Противъ этаго мѣста, на землѣ Василія, возвышалась уединенная хижина. Съ величайшимъ вниманіемъ смотрѣла я на нее. Какое-то тайное предчувствіе невольно обращало на нее глаза мои. Домикъ съ тремя окошками стоялъ прямо противъ меня. Въ одно утро замѣтила я кисейный занавѣсъ на среднемъ окнѣ. Я начала смотрѣть съ большимъ вниманіемъ и иногда различала тѣнь головы, которая потихоньку приближалась къ окошку, безъ сомнѣнія, чтобы лучше видѣть и дышать благовоннымъ воздухомъ рощи. Тогда я хотѣла летѣть на холмъ; и по крайней мѣрѣ, вздохъ, вырвавшійся изъ стѣсненной груди не терялся въ воздухѣ, онъ достигалъ хижины — любовь была тамъ, чтобы принять его.
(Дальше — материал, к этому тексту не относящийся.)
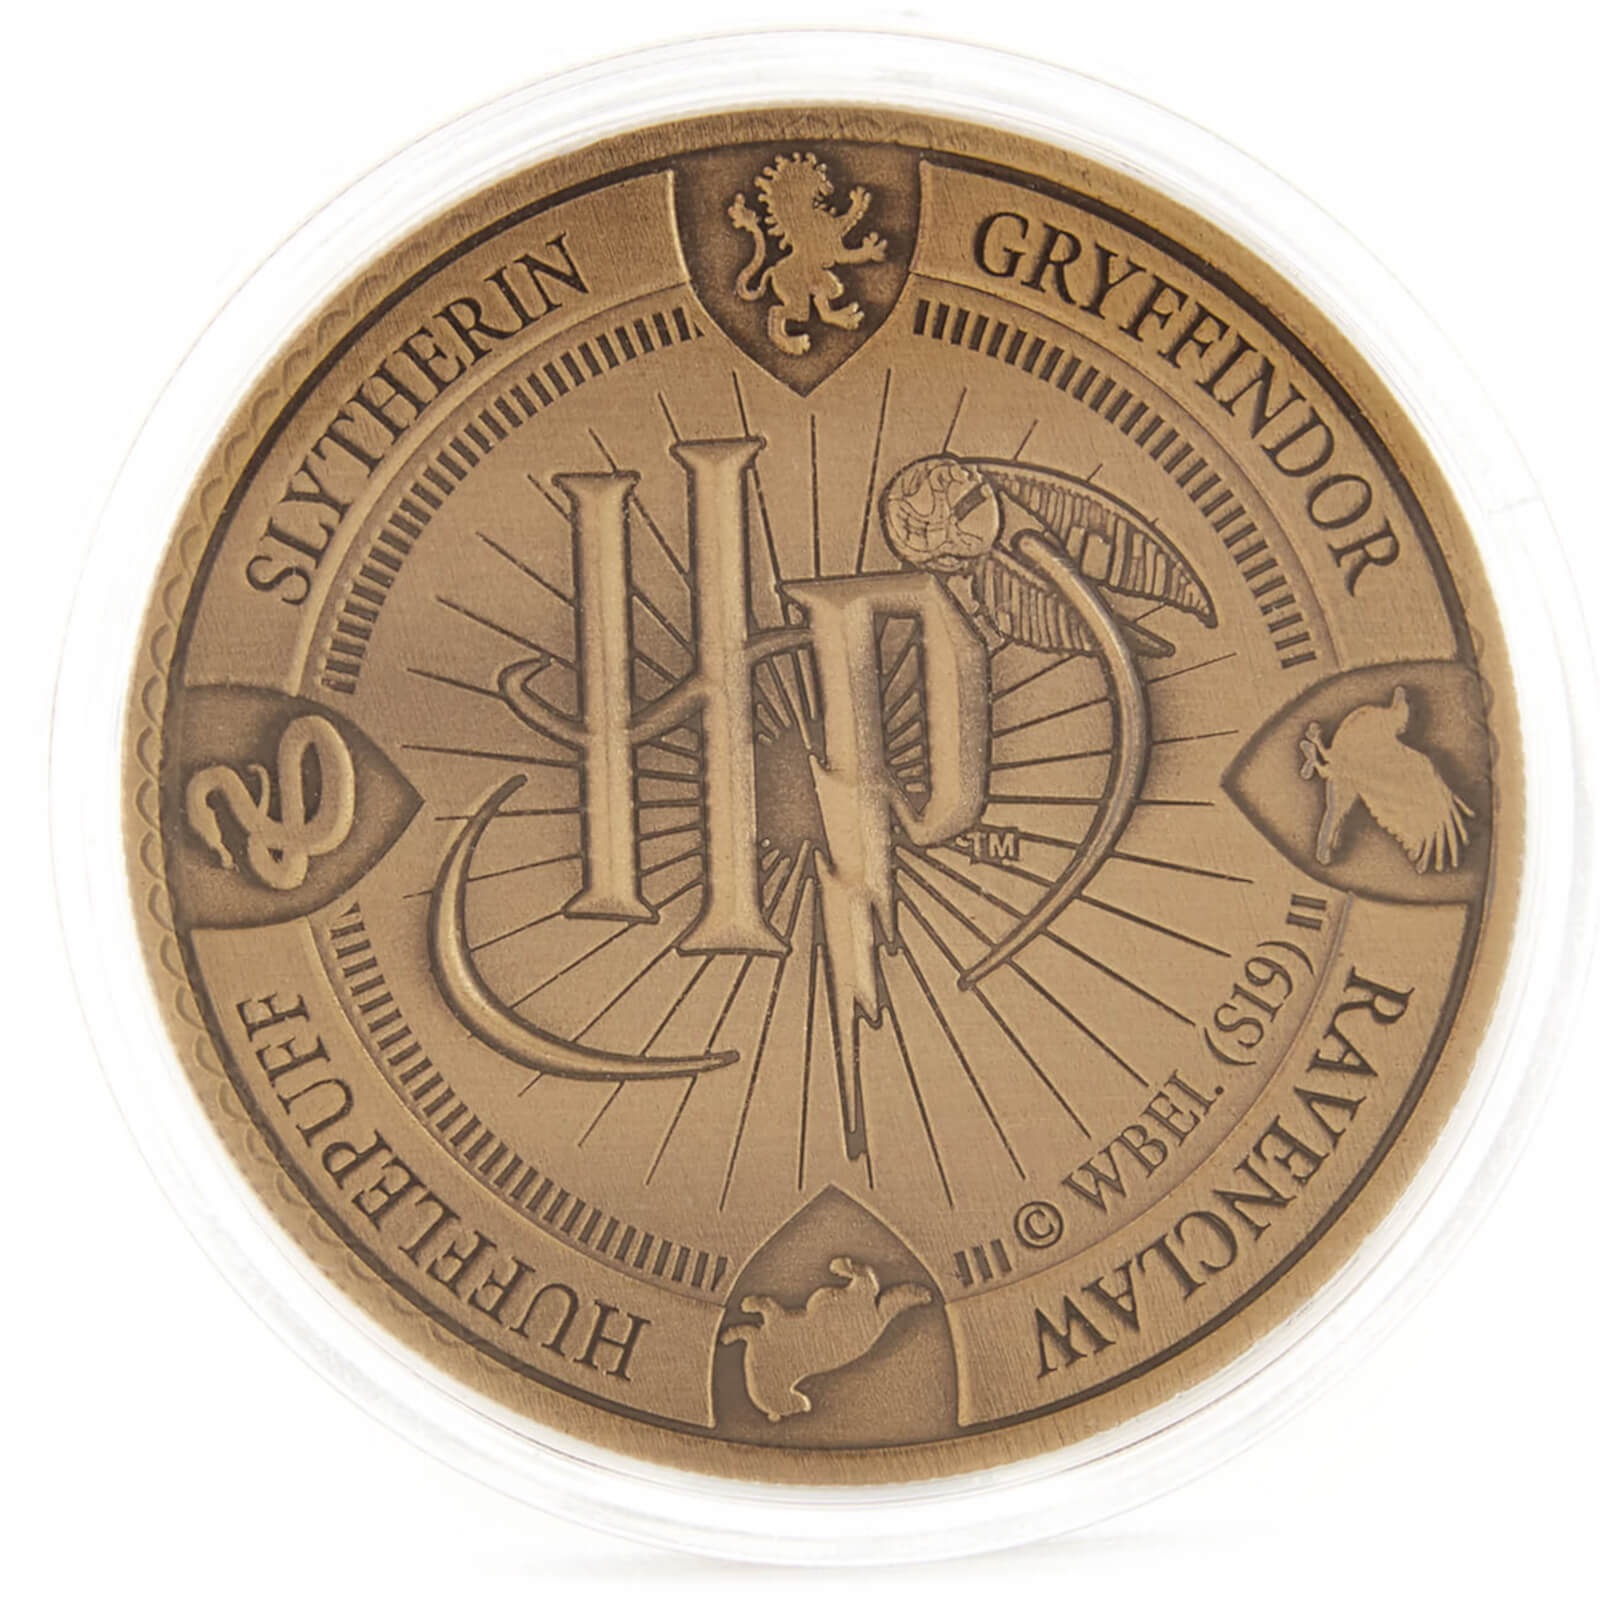 One side of a coin included in the “Harry Potter” coin Advent calendar displays an “HP” logo with a Golden Snitch and the names and crests of the four Hogwarts Houses around the edge.

Въ слѣдующій день, едва восходящее солнце позолотило горизонтъ, я была уже у подошвы холма. Старушка, по обыкновенію, сѣла за чулокъ, надѣла на носъ полуразбитые очки и со всѣмъ вниманіемъ смотрѣла, чтобы не спустить петли. Взошедъ на холмъ, лишь только взглянула на хижину, какъ невидимая рука въ ту же минуту задернула бѣлую занавѣску; подойдя къ древесному пню, какъ я была удивлена, увидя оный покрытымъ мохомъ, и вокругъ шесть прекрасныхъ розовыхъ кустовъ; я оборотилась къ хижинѣ и мысленно поблагодарила. Потомъ сорвала розу и приколола её къ трепещущей груди.
Уходя домой, я отколола отъ груди розу и оставила на дерновой скамейкѣ. Съ этаго времени, всякое утро я срывала розу и оставляла ее на пнѣ дуба; и на другой день не находила ни одной.
Сіи прогулки, сдѣлавшіяся свиданіями, продолжались безпрерывно около мѣсяца, и неизъяснимая прелесть ихъ была все одинакова. Восторги счастливой любви скоро истощаются, но чувства чистыя и непорочныя не проходятъ, а особливо, когда ихъ скрывать надобно.
Взаимная любовь, принуждающая себя къ молчанію, имѣетъ много способовъ говорить, способовъ, гораздо трогательнѣйшихъ и значительныхъ, нежели пошлыя слова! Строгій законъ, ею себѣ предписанный, дѣлаетъ ее искуснѣйшею въ выдумкахъ. —
Въ сіе время, Эльскій опредѣлилъ Владиміра въ --ійскій Гусарскій полкъ. Онъ уѣхалъ и увезъ съ собою всю привлекательность хижины. Однакоже я, по обыкновенію, пошла въ рощу; но нашла тамъ одно печальное уединеніе, лишенное всѣхъ своихъ прелестей. Въ первыя минуты разлуки самыя пріятныя воспоминанія возбуждаютъ неудовольствіе. Съ навернувшимися на глазахъ слезами я посмотрѣла на хижину, окно было отворено; но занавѣска не задернута. Потомъ, безъ вниманія, посмотрѣла на розы; по привычкѣ сорвала одну; но вмѣсто того, чтобы приколоть къ груди, въ разсѣяніи бросила ее на мшистую скамейку, и не могши долѣе переносить вида окружающихъ предметовъ, поспѣшила возвратишься домой.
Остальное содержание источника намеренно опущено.